◆ Your goal
All of the listing, from first line to last, should be output exactly; the pictures stay out.

◆ Dataset content
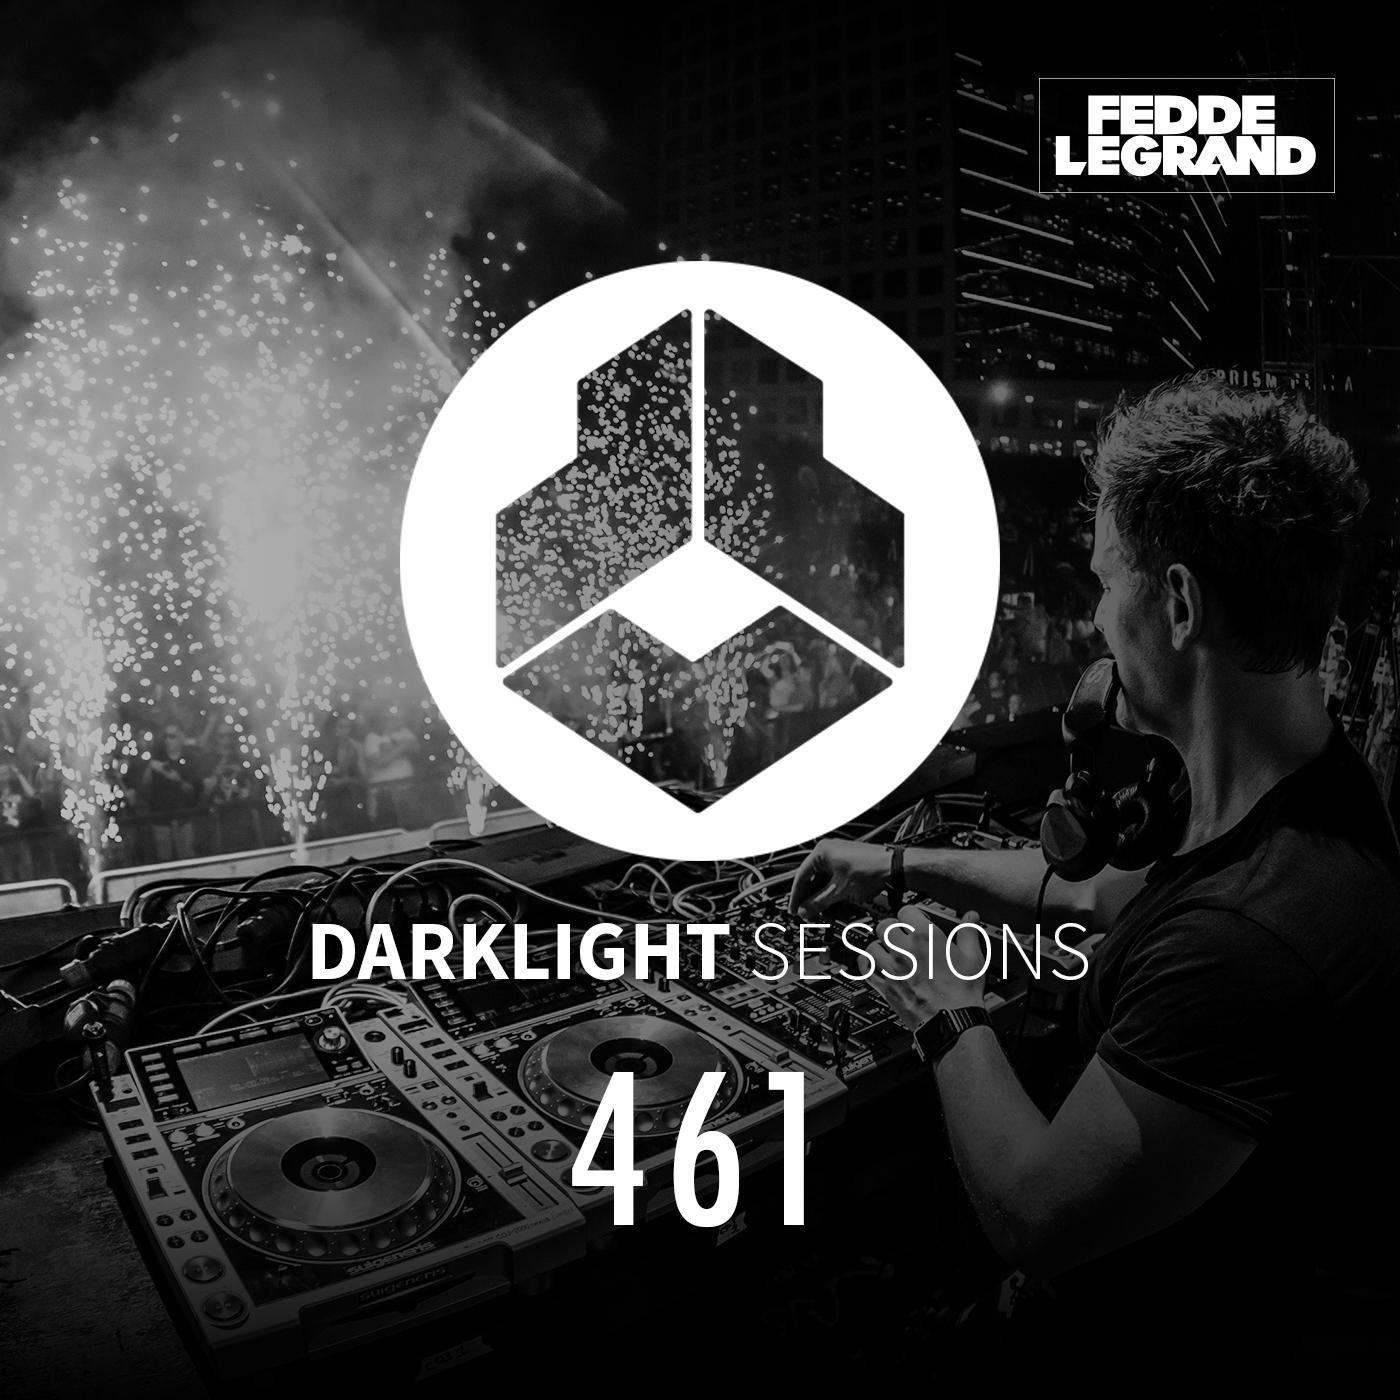 Darklight Sessions 461
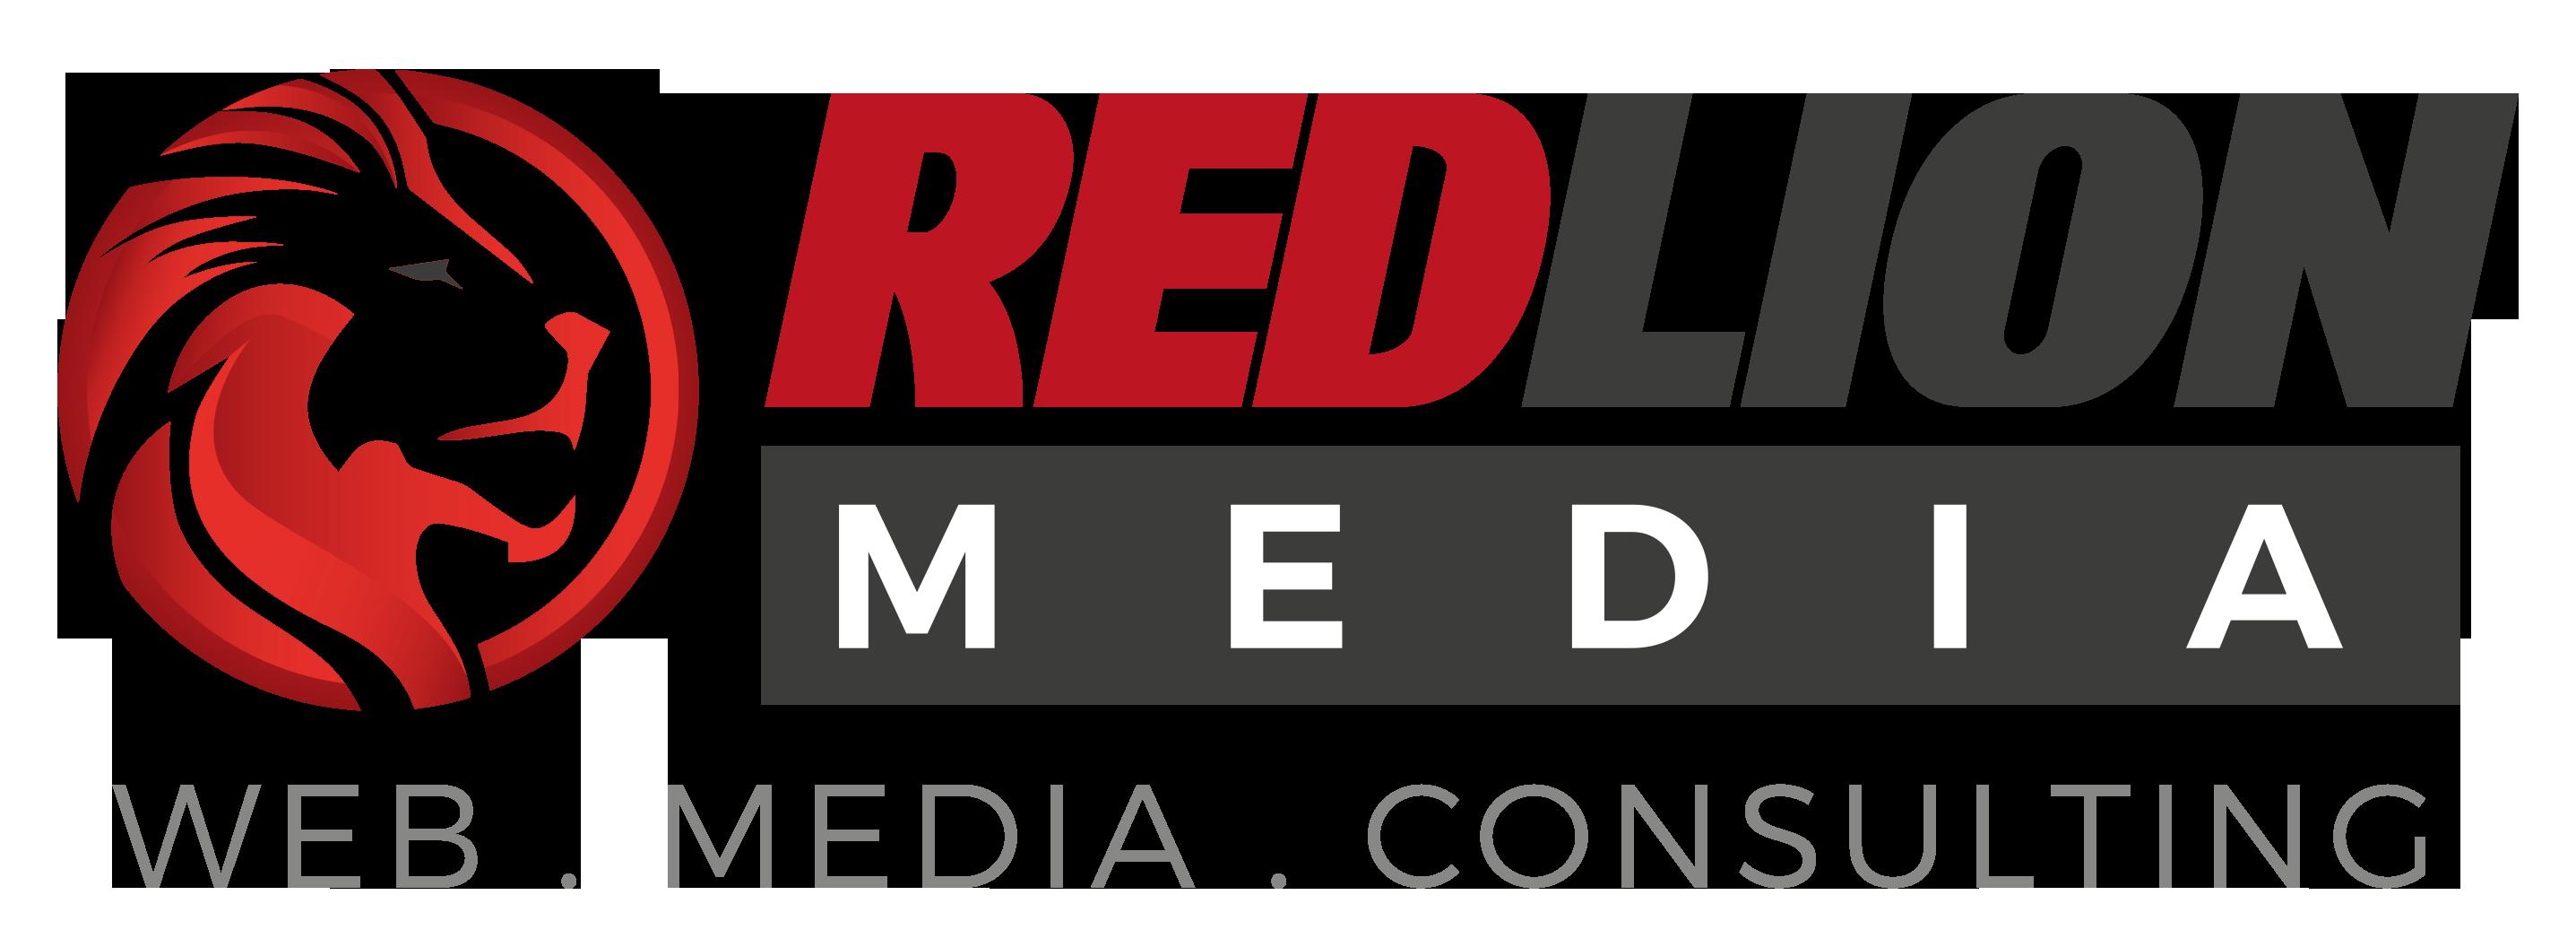 Logo redlion media Agentur
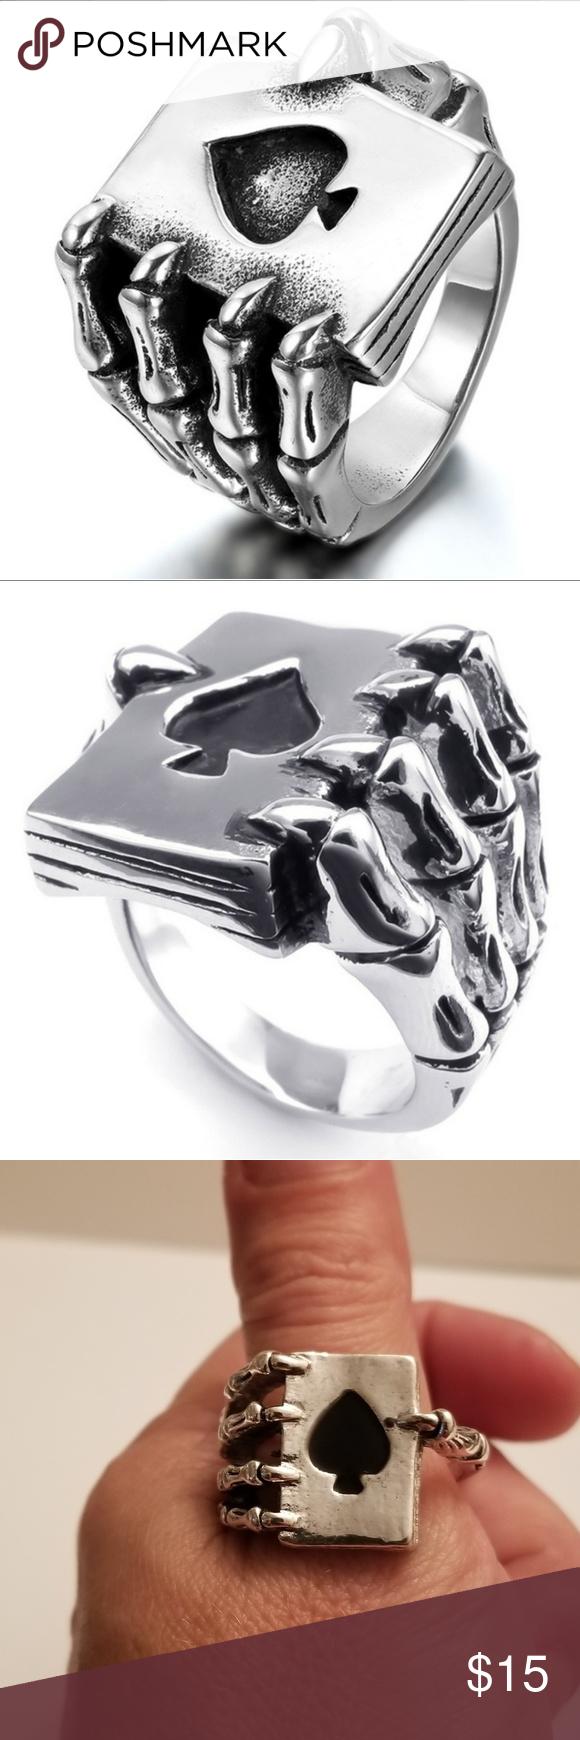 last 1 sz 13.5 Skeleton Hand Ring Emo jewelry, Hand ring
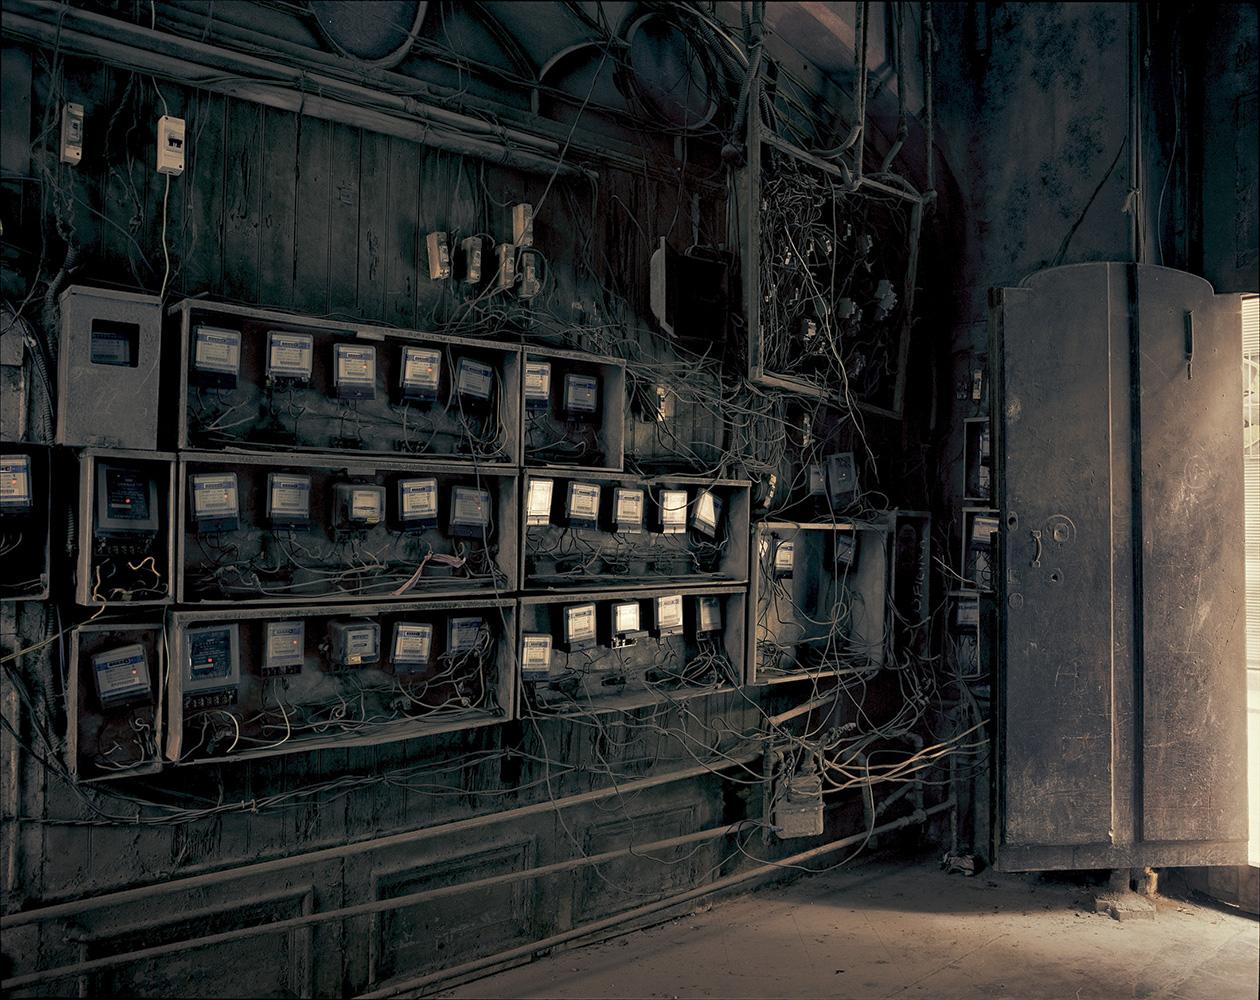 Electricity meters in a building in Old Havana.

◆ Your response
 Darklight Sessions 461
 Logo redlion media Agentur
 last 1 sz 13.5 Skeleton Hand Ring Emo jewelry, Hand ring
 Electricity meters in a building in Old Havana.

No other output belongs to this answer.